The AKT/PKB (protein kinase B) kinases play important roles in signaling pathways that regulate cellular processes controlling cell proliferation, survival, and genome stability . Hyperactivation of the AKT pathway was implicated in many types of human cancer and dominantly inherited cancer syndrome. AKT phosphorylates and inactivates the pro-apoptotic factors BAD and procaspase-9 . In a pro-cell cycle progression mechanism involving p53, AKT promotes the phosphorylation and translocation of Mdm2 into the nucleus, where it downregulates p53, which antagonizes p53-mediated cell cycle checkpoints . AKT directly antagonizes the function of the cell cycle inhibitors p21WAF1 and p27Kip1 by phosphorylating a site located near the nuclear localization signal to induce cytoplasmic retention of these cell cycle inhibitors . Some investigations have shown elevated AKT activity to be highly prevalent in high grade, late stage and/or metastatic tumors, and several reports have linked AKT activation with reduced patient survival or tumor radio-resistance [42, 43]. In the present study, P. indica root crude aqueous extract treatment lowered the expression of activated phosphorylated-AKT, without affecting the expression of non-phosphorylated AKT, and induced the expression of phosphorylated-p53 and p21 in HeLa cells.

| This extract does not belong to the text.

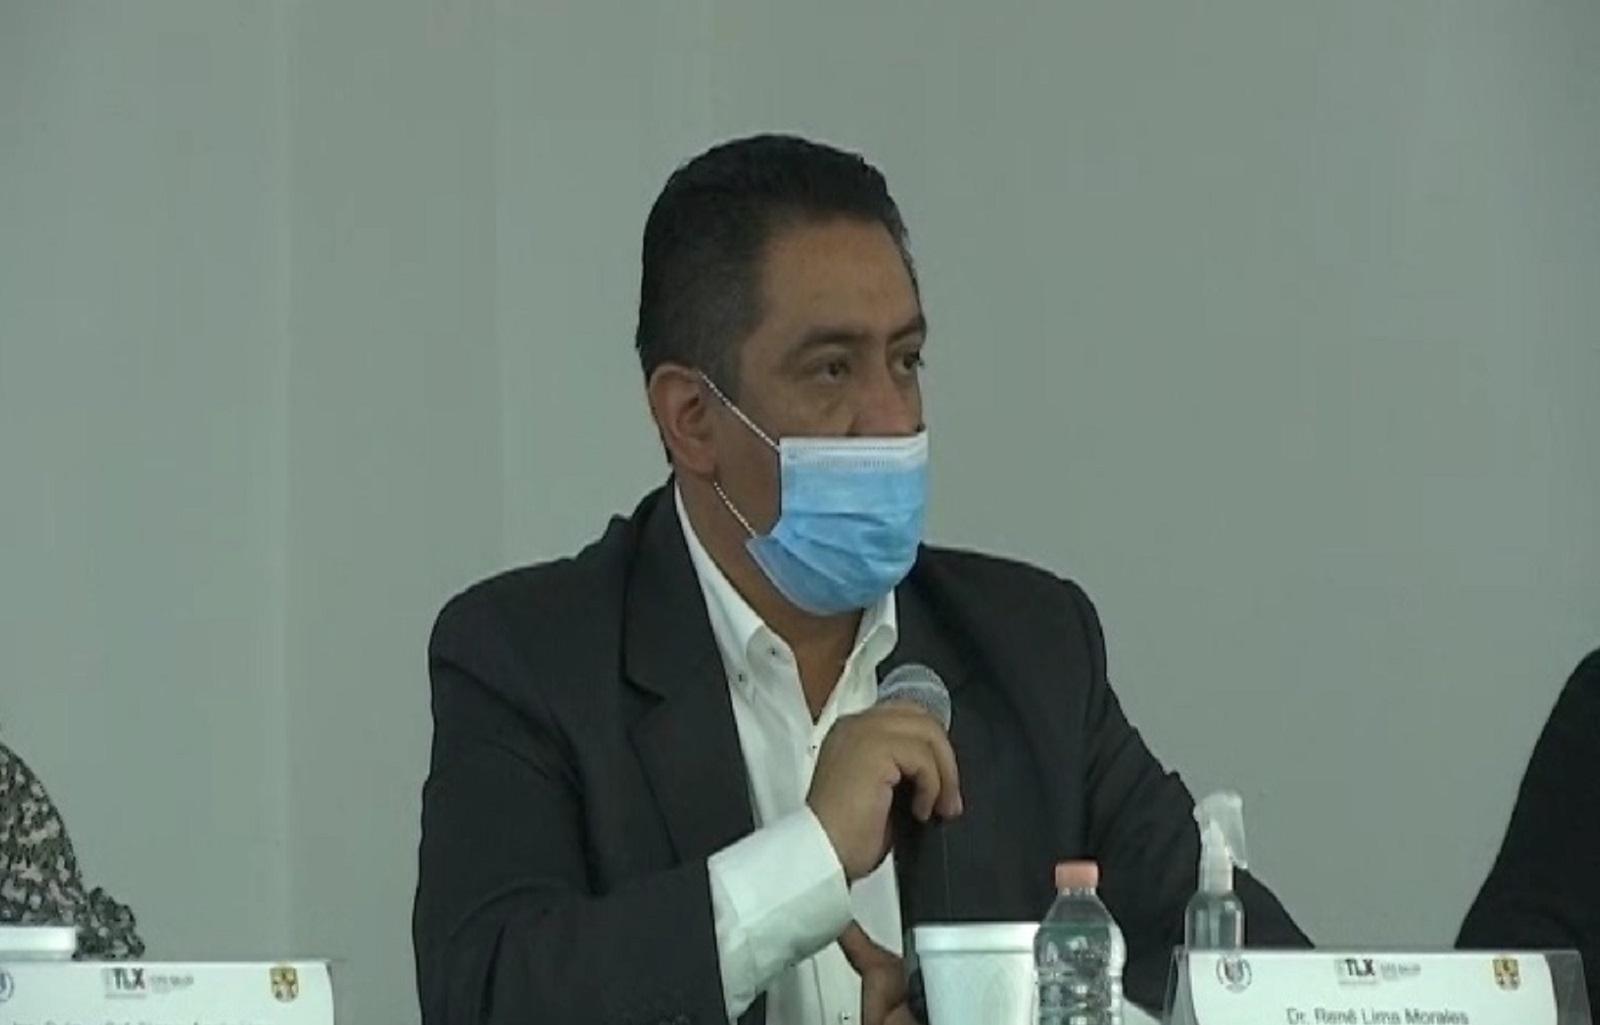 Desde Tlaxcala: Secretaría de Salud capacita a personal de enfermería para protegerse contra el Covid19
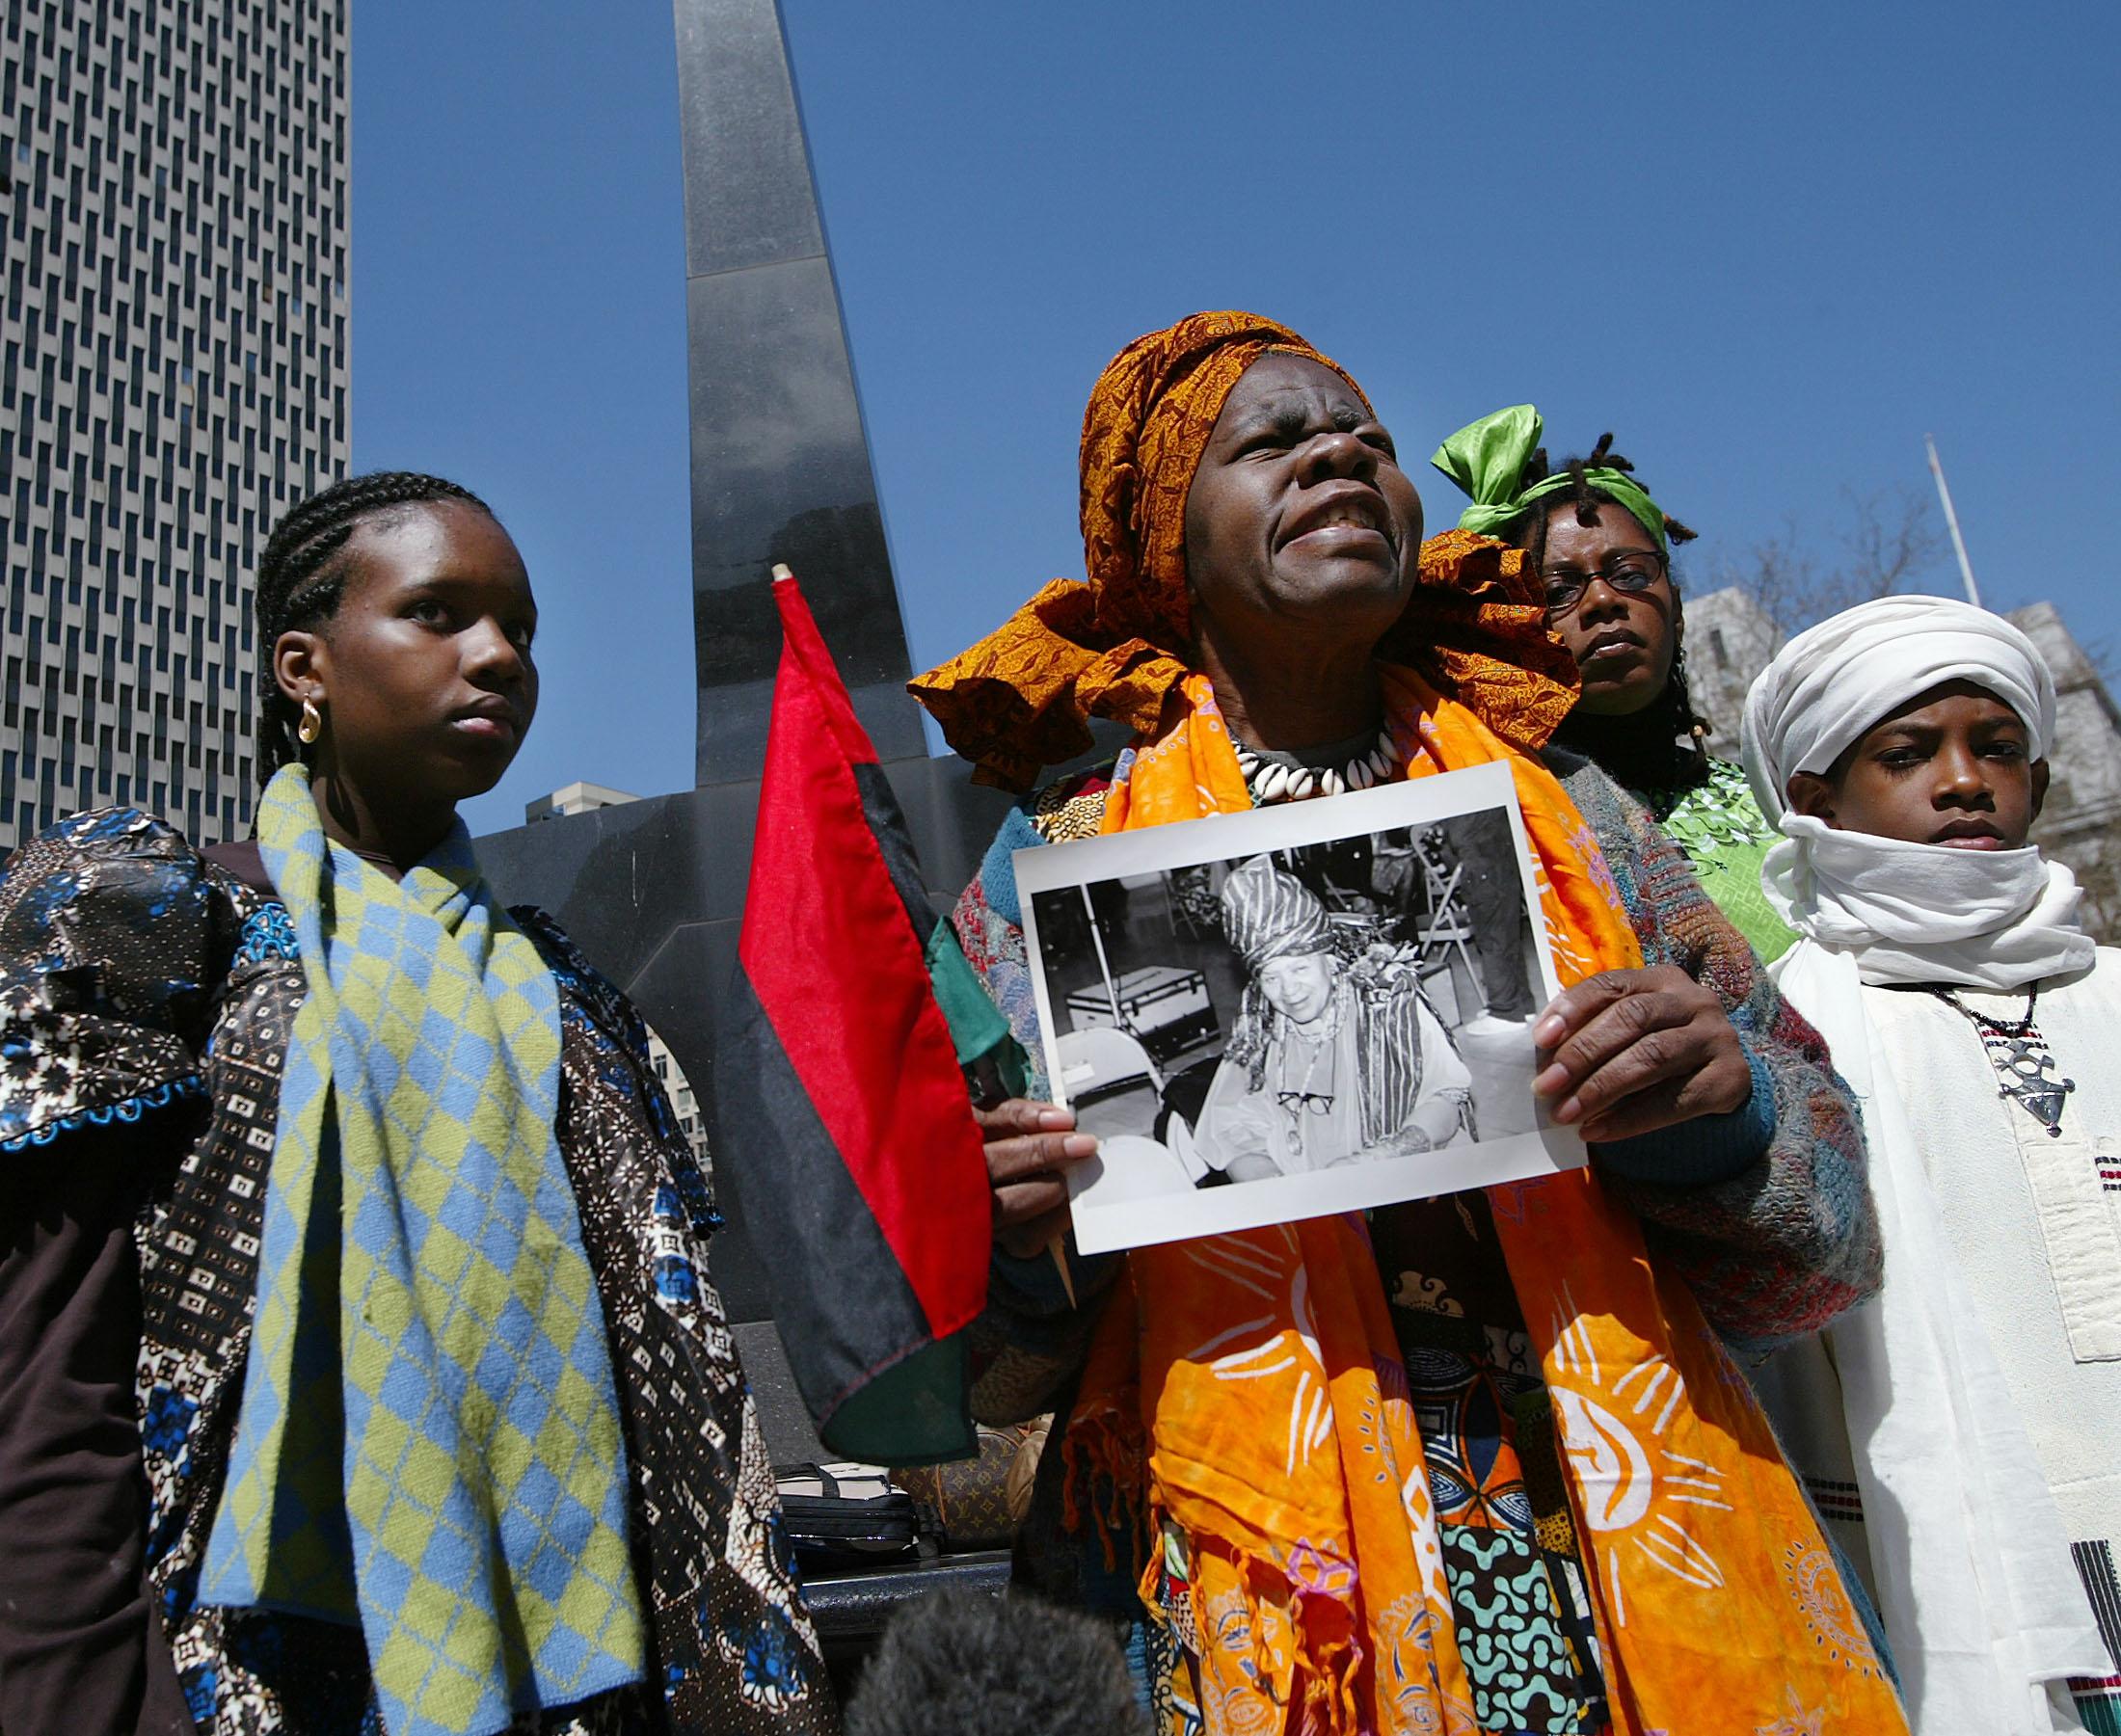 Ta-Nehisi Coates' Case For Reparations & Spiritual Awakening

Therefore, the pro-apoptotic and anti-proliferation properties of the crude aqueous extract of P. indica root might be attributed to its induction of phosphorylated-p53 and p21 through the downregulation of activated phosphorylated-AKT, which causes cell cycle arrest and initiation of apoptosis leading to cancer cell death.
The active components in crude aqueous extracts of P. indica root may be good candidates for further investigation into the search for effective anti-cancer and synergistic drugs. It is also important to note that aqueous extracts of herbal substance was previously found to be less toxic than ethanol extracts of herbal material; the LD50 of aqueous and ethanol extracts were 12.30 g/kg and 6.15 g/kg, respectively . We found that P. indica leaf and root crude aqueous extracts possess pro-oxidant, anti-proliferation, and anti-migration properties in GBM8401 malignant glioma cells and HeLa cervical carcinoma cells, and that P. indica root crude aqueous extract inhibited focus formation of these cancer cells. We also found that phosphorylated-p53 and p21 are induced in GBM8401 and HeLa cells after P. indica root crude aqueous extracts treatments. As keenly pointed out by a review, the challenge in CAM is to avoid contaminated products and those that may interact with prescription pharmaceuticals . Further examination into the underlying anti-cancer mechanism and pharmacodynamic and pharmacokinetic interactions with current cancer drugs should be carried out to ensure effective clinical application and usage of P. indica leaf or root crude aqueous extract.